Edited 1 time(s). Last edit at 10/05/2021 12:30AM by Dust.
Re: How to setup second independant serial port on Marlin 2.0.9
October 05, 2021 12:33AM
For other serial devices have a look at code using LCD_SERIAL_PORT or MMU2_SERIAL_PORT
Re: How to setup second independant serial port on Marlin 2.0.9
October 05, 2021 12:44PM
Hi Dust,

Thanks so much for that clue! That was exactly what I was looking for. Now I can read and write to the serial port as I wish.

For anybody else who wants to do the same thing, here is how I got it working. If there is a cleaner way please let me know.

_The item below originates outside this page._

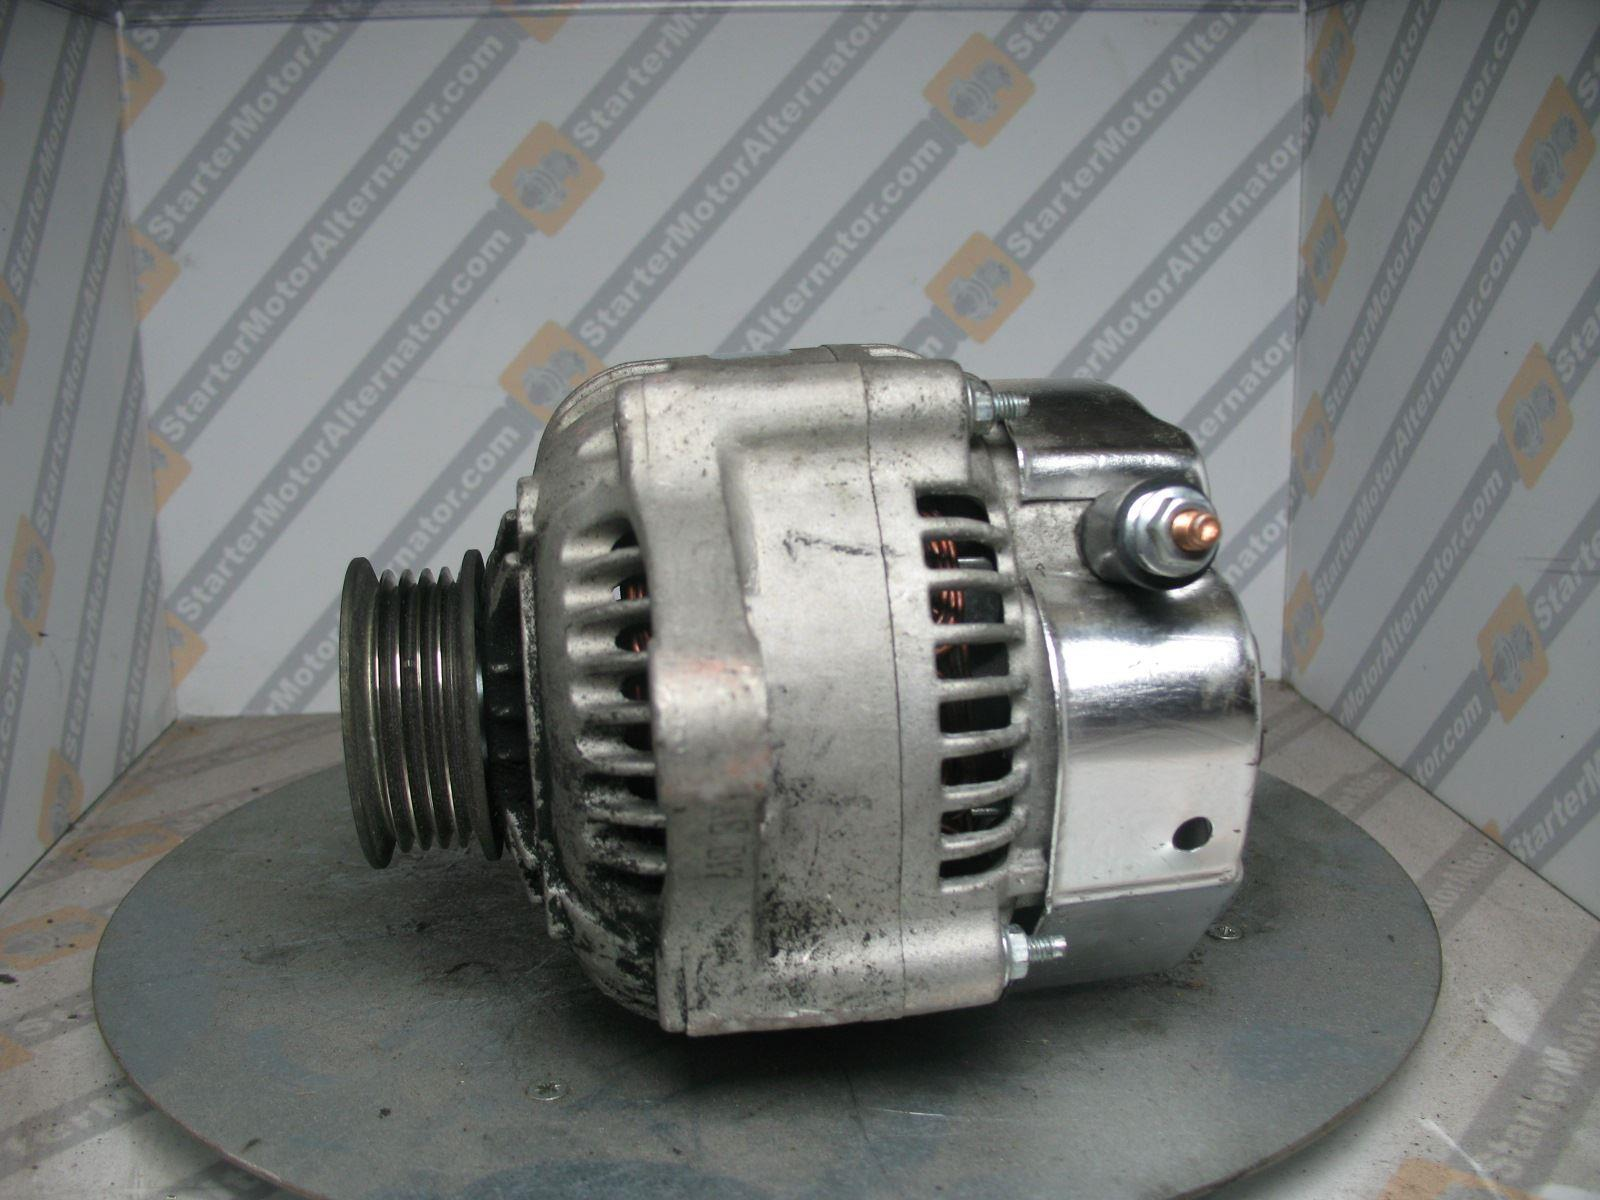 XIK1896 Alternator For Fiat / Opel / Suzuki / Vauxhall

In Configuration.h I added:

#define LCD_SERIAL_PORT 1  // rs485 port
#define LCD_BAUDRATE 9600



I wanted to use the I2C pins on the RAMPs board (D20 and D21) so serial 2 is configured in MarlinSerial_AGCM4.cpp (for the Adafruit Grand Central):

#if USING_HW_SERIAL1
  UartT Serial2(false, &sercom3, PIN_SERIAL2_RX, PIN_SERIAL2_TX, PAD_SERIAL2_RX, PAD_SERIAL2_TX);
  void SERCOM3_0_Handler() { Serial2.IrqHandler(); }
  void SERCOM3_1_Handler() { Serial2.IrqHandler(); }
  void SERCOM3_2_Handler() { Serial2.IrqHandler(); }
  void SERCOM3_3_Handler() { Serial2.IrqHandler(); }
#endif


and in variant.h:

// Serial2
#define PIN_SERIAL2_RX      (21)
#define PIN_SERIAL2_TX      (20)
#define PAD_SERIAL2_TX      (UART_TX_PAD_0)
#define PAD_SERIAL2_RX      (SERCOM_RX_PAD_1)
#define SERCOM_SERIAL2		  sercom3



In my .cpp file as part of an M code to initialize the device (copied from dwin_lcd.cpp):

LCD_SERIAL.begin(LCD_BAUDRATE);

const millis_t serial_connect_timeout = millis() + 1000UL;
while (!LCD_SERIAL.connected() && PENDING(millis(), serial_connect_timeout)) { /*nada*/ }
SERIAL_ECHOLN("serial ready");



And if anyone wants to use a MAX3485 transciever this seems to work well. Pin A4 (also pin D71) is the transmit enable:

void writeRS485(char* msg485) {
  WRITE(71, HIGH);

  strcat(msg485, "\r\n");
  SERIAL_ECHOLN("WRITING 485");
  LCD_SERIAL.print(msg485);
  // Serial2.print(msg485);

  while (Serial2.availableForWrite() < SERIAL_BUFFER_SIZE - 1) {
    gcode.dwell(1);
  }
  gcode.dwell(2);
  WRITE(71, LOW);
  gcode.dwell(50);
  SERIAL_ECHOLN("reading");
  while (LCD_SERIAL.available()) {
    char in485 = LCD_SERIAL.read();
    if (in485 != '\r')
      SERIAL_CHAR(in485);
  }
}


Hopefully this helps someone.

Thanks again for the help.

Edited 1 time(s). Last edit at 10/05/2021 12:48PM by Josey76.